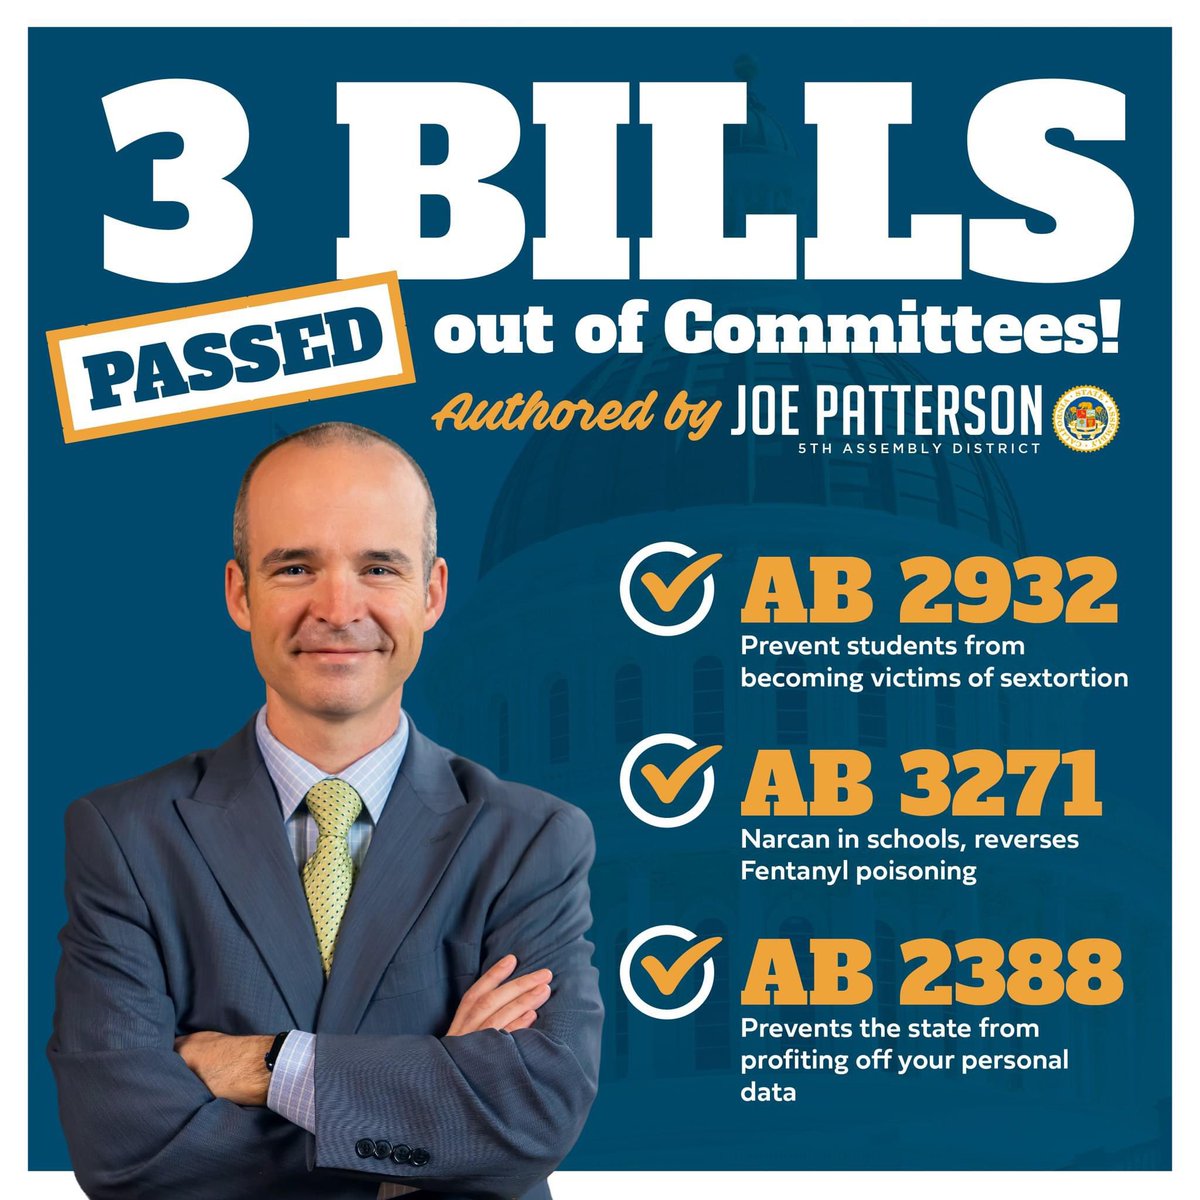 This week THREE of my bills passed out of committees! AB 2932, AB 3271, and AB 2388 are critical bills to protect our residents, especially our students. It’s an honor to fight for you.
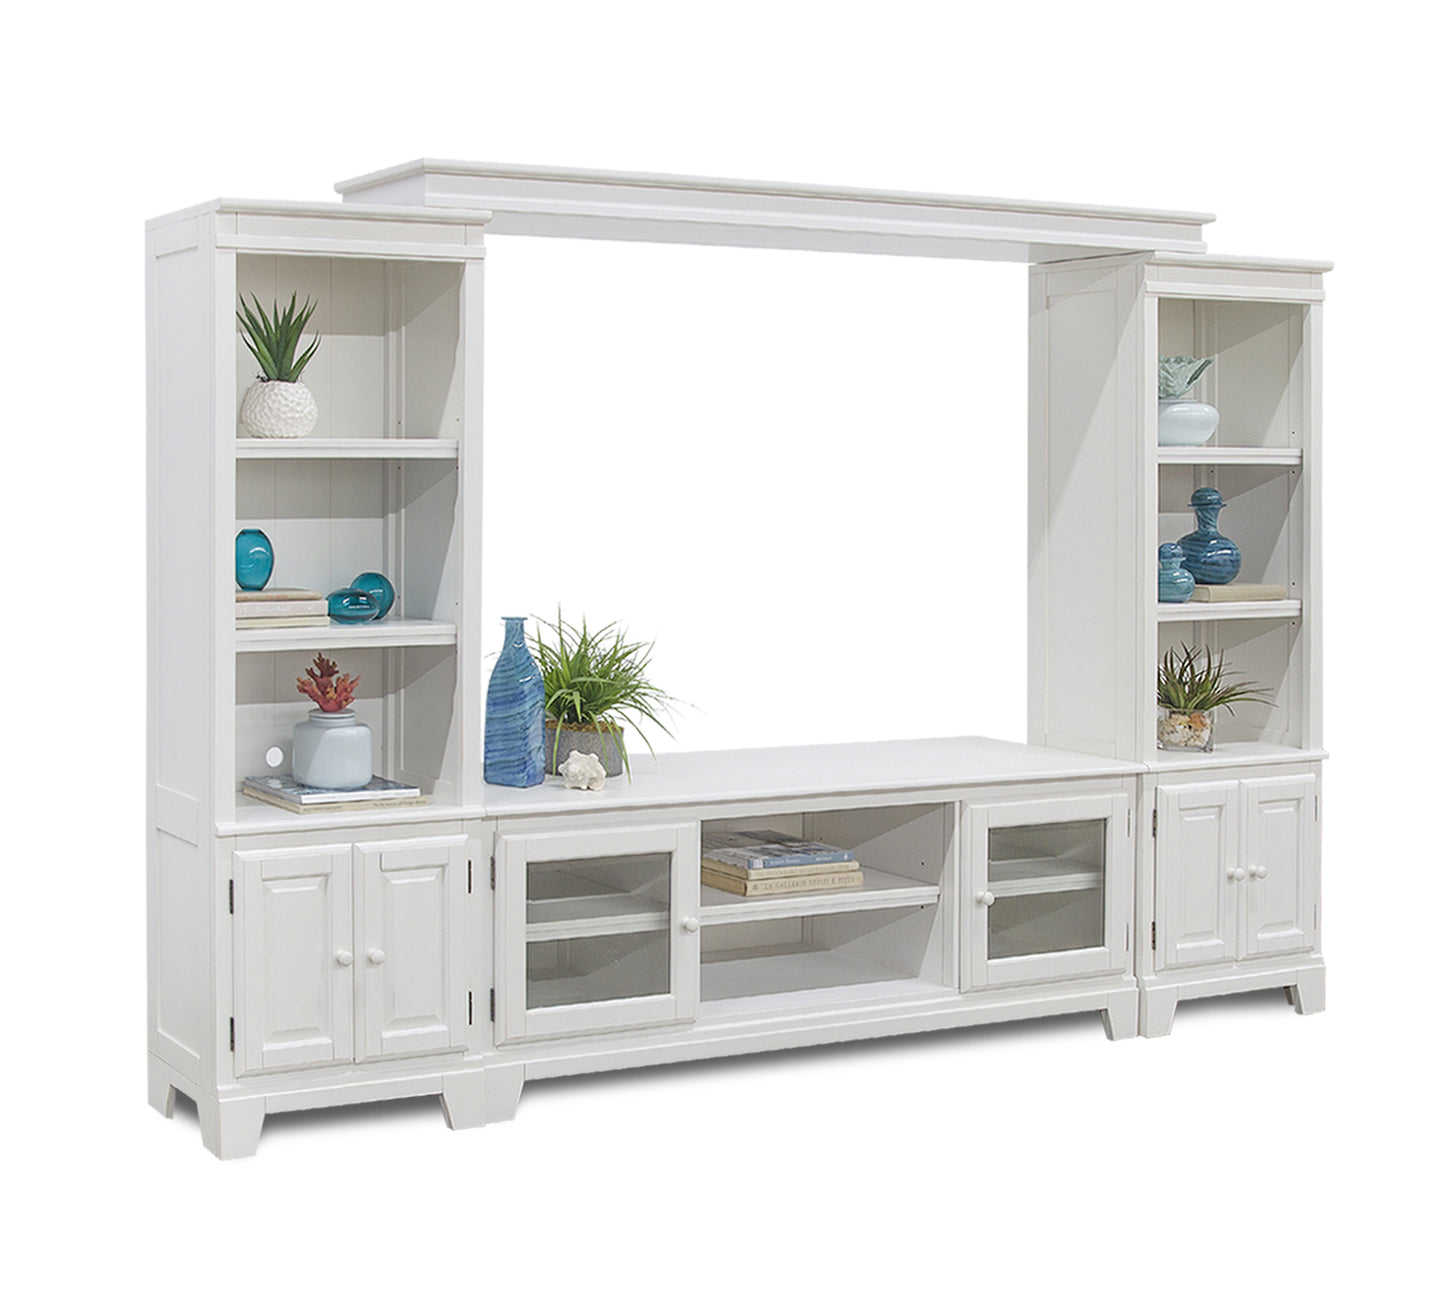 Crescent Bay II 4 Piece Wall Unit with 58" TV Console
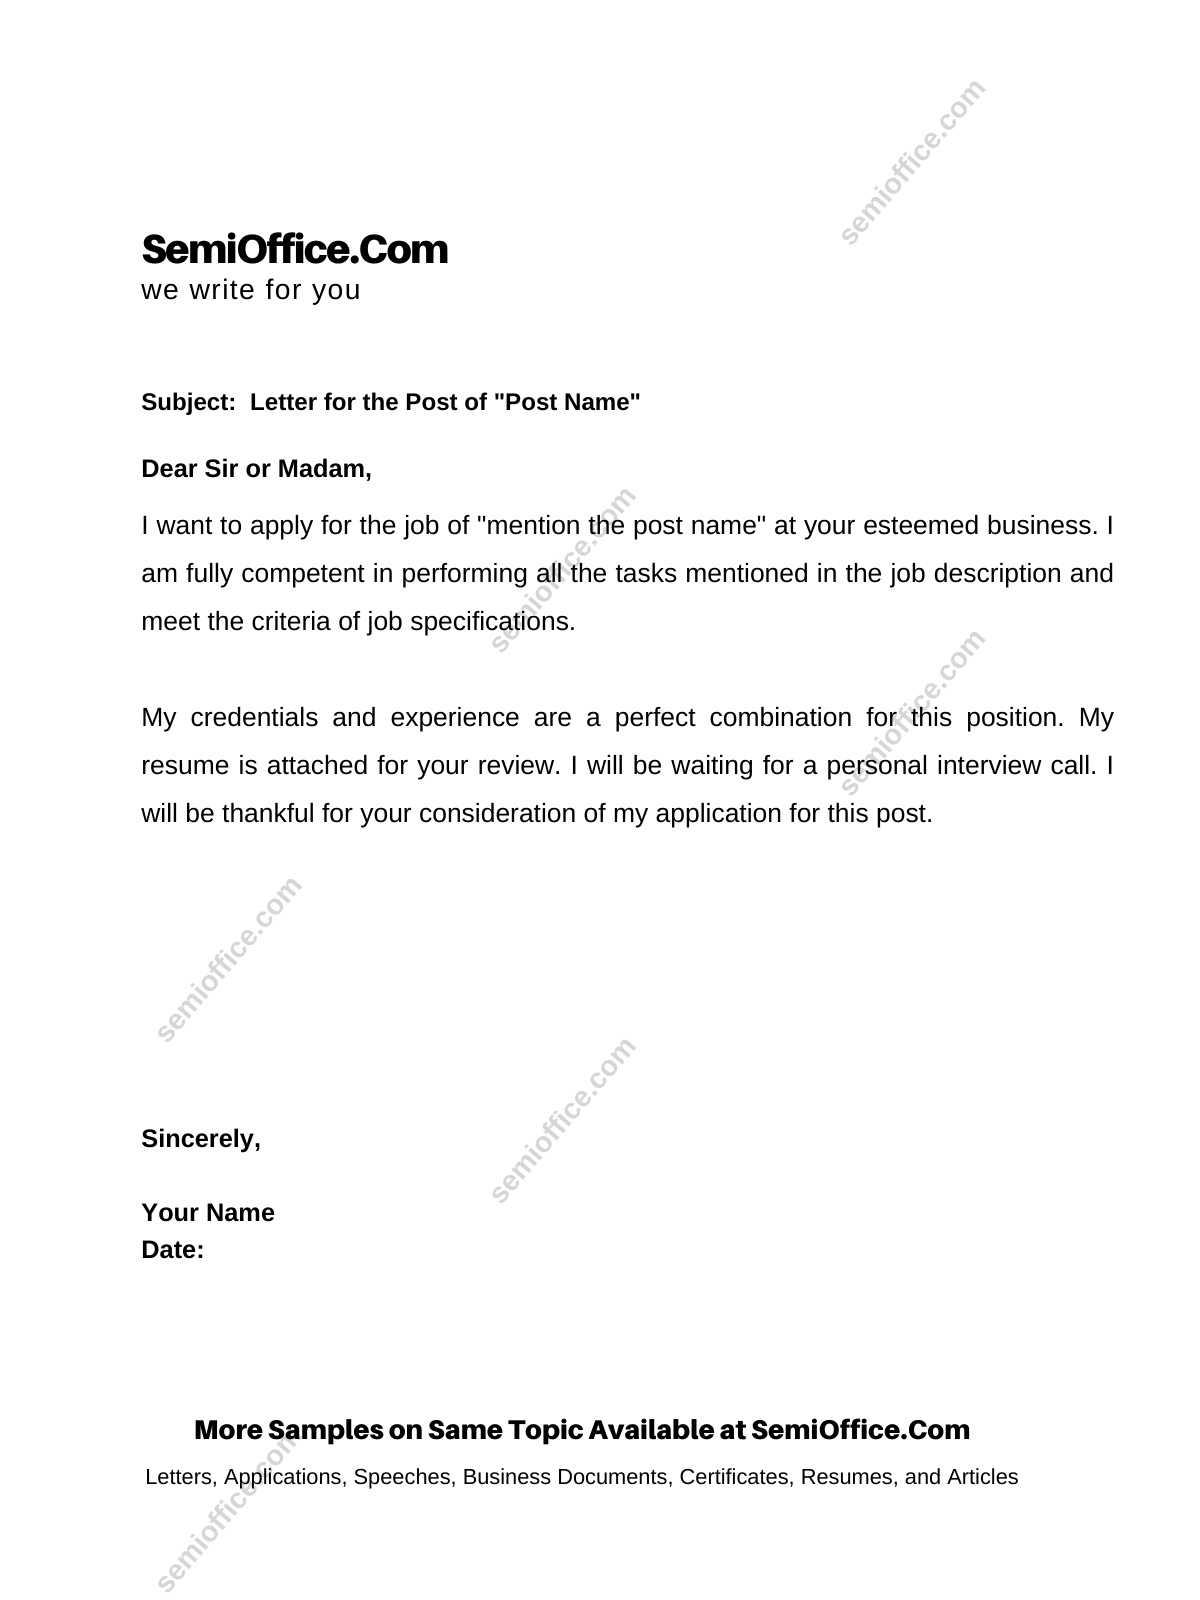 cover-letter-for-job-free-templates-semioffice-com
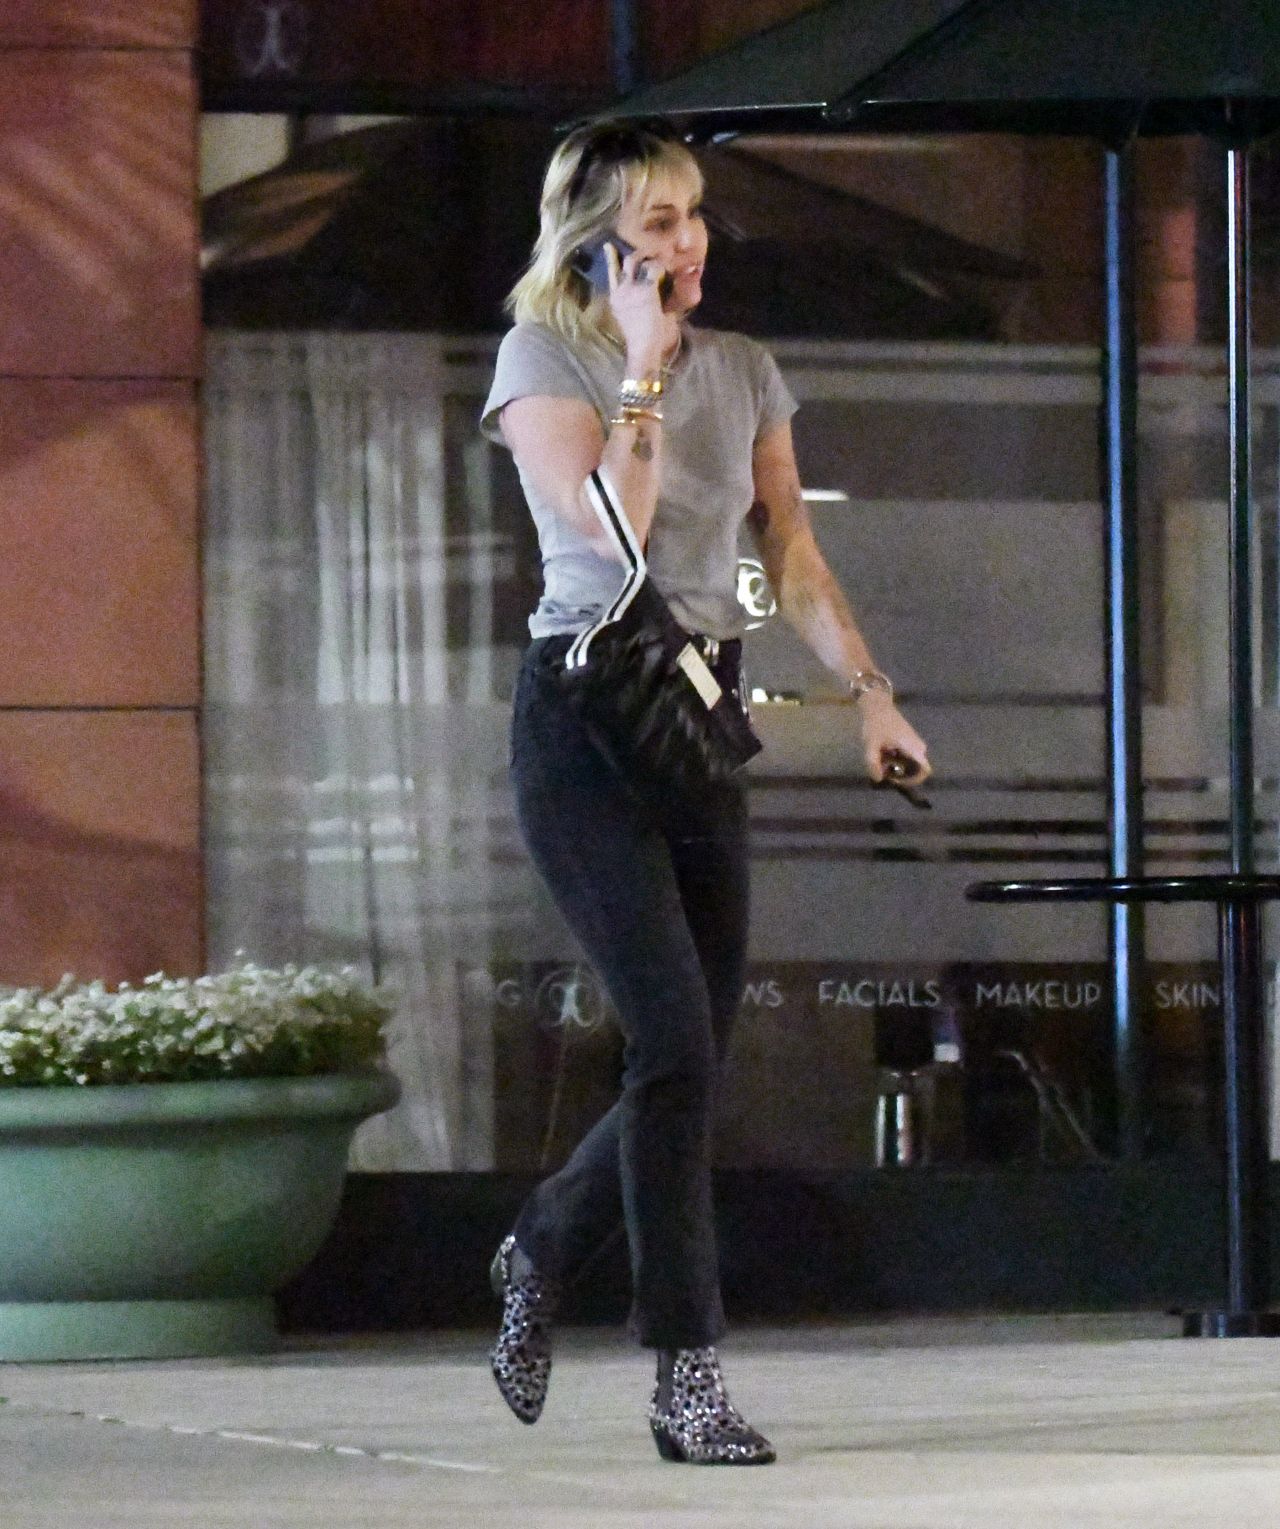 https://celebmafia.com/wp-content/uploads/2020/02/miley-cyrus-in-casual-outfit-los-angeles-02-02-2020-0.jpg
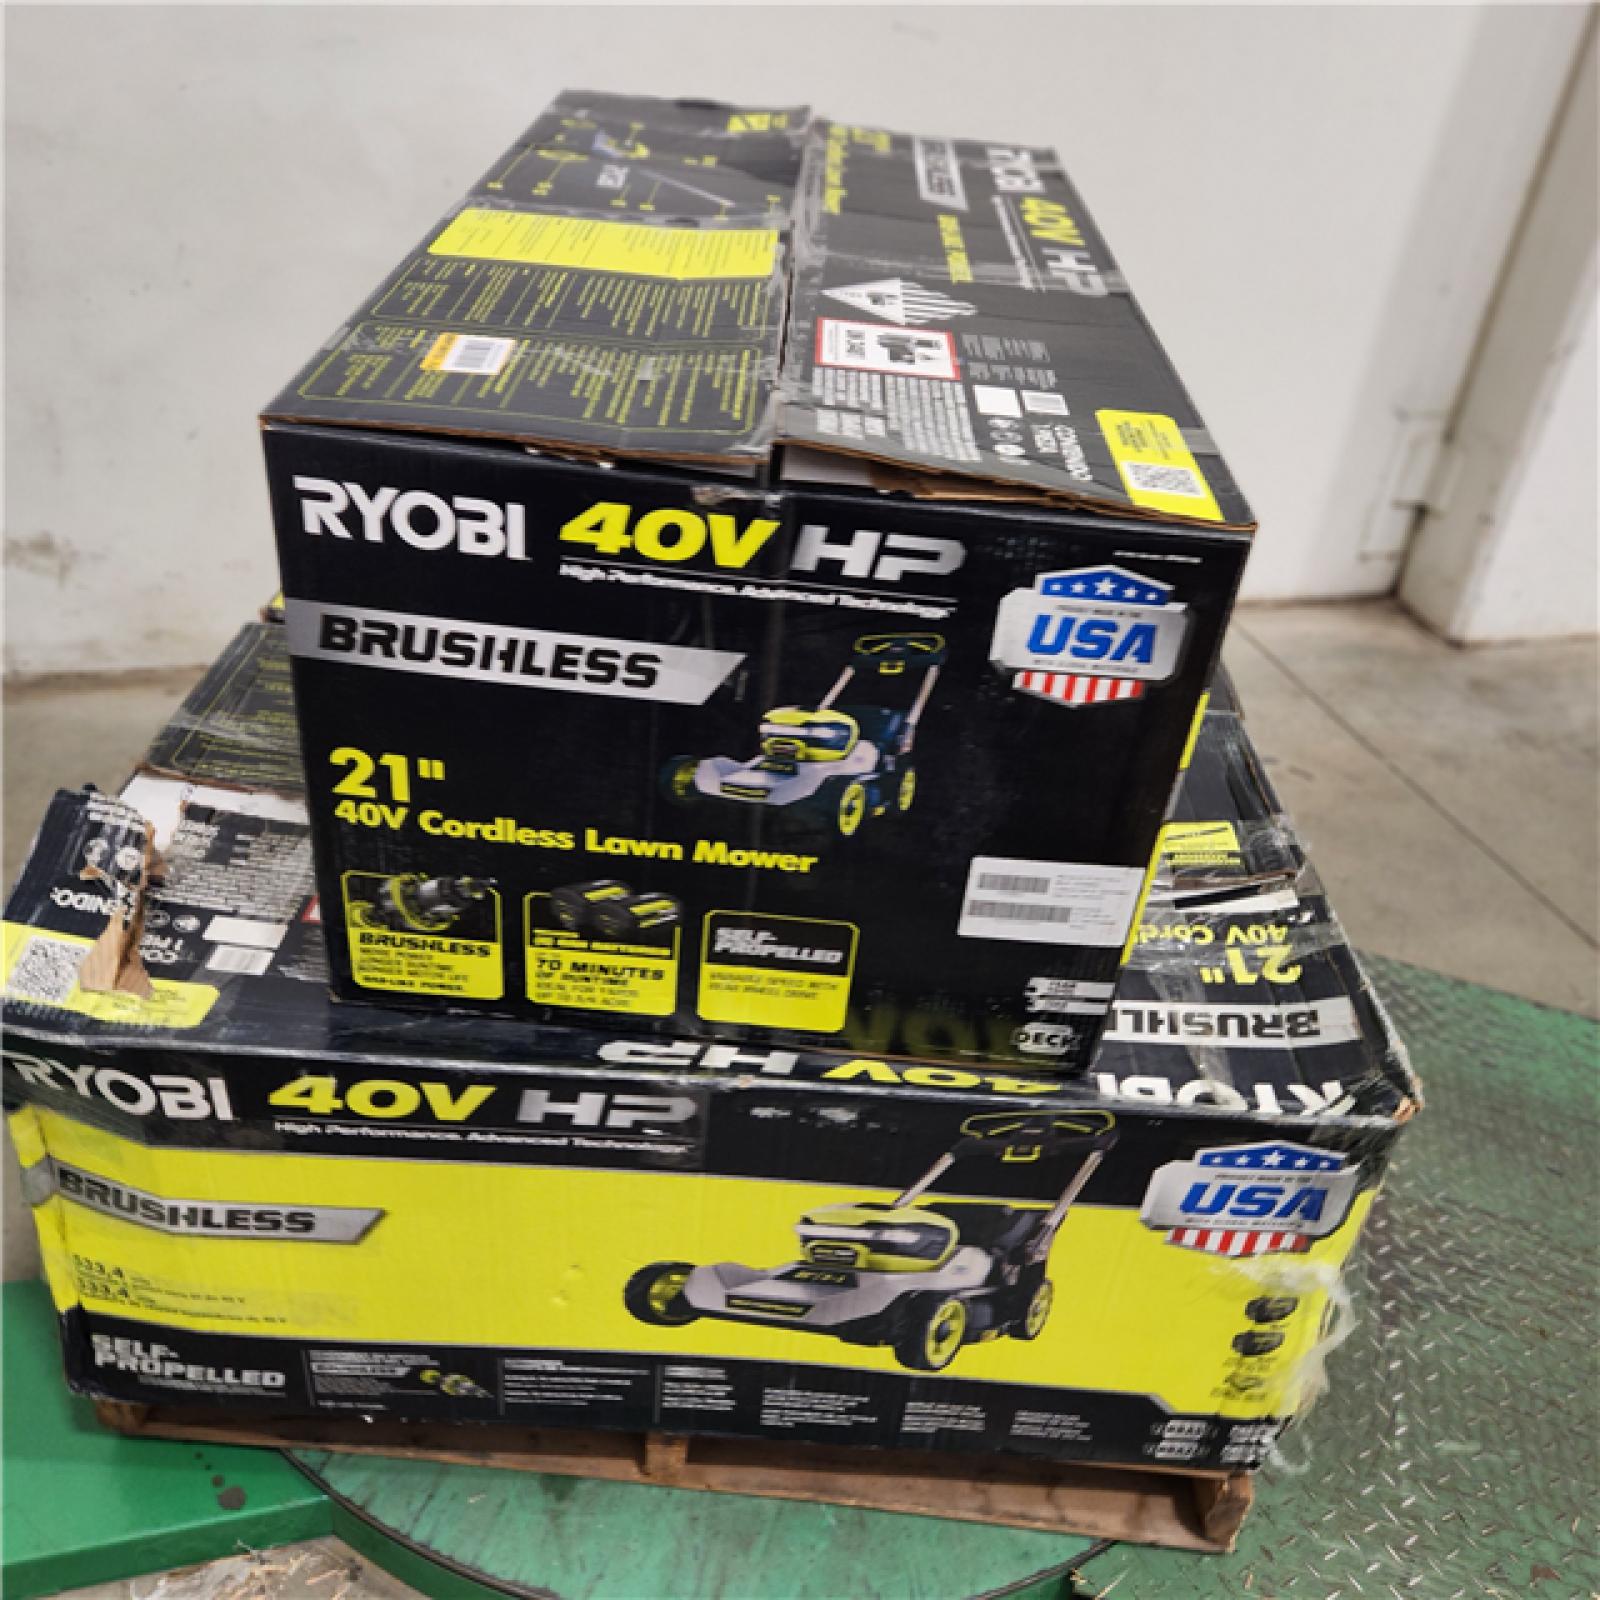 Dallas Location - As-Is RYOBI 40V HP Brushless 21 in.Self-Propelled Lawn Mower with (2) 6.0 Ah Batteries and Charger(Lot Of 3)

▸ **YOUR ASSIGNMENT**
Line by line, transcribe the records exactly, omitting the images.

▸ **FINISHED TASK**
 This week THREE of my bills passed out of committees! AB 2932, AB 3271, and AB 2388 are critical bills to protect our residents, especially our students. It’s an honor to fight for you.
 Crescent Bay II 4 Piece Wall Unit with 58" TV Console
 cover-letter-for-job-free-templates-semioffice-com
 https://celebmafia.com/wp-content/uploads/2020/02/miley-cyrus-in-casual-outfit-los-angeles-02-02-2020-0.jpg
 Dallas Location - As-Is RYOBI 40V HP Brushless 21 in.Self-Propelled Lawn Mower with (2) 6.0 Ah Batteries and Charger(Lot Of 3)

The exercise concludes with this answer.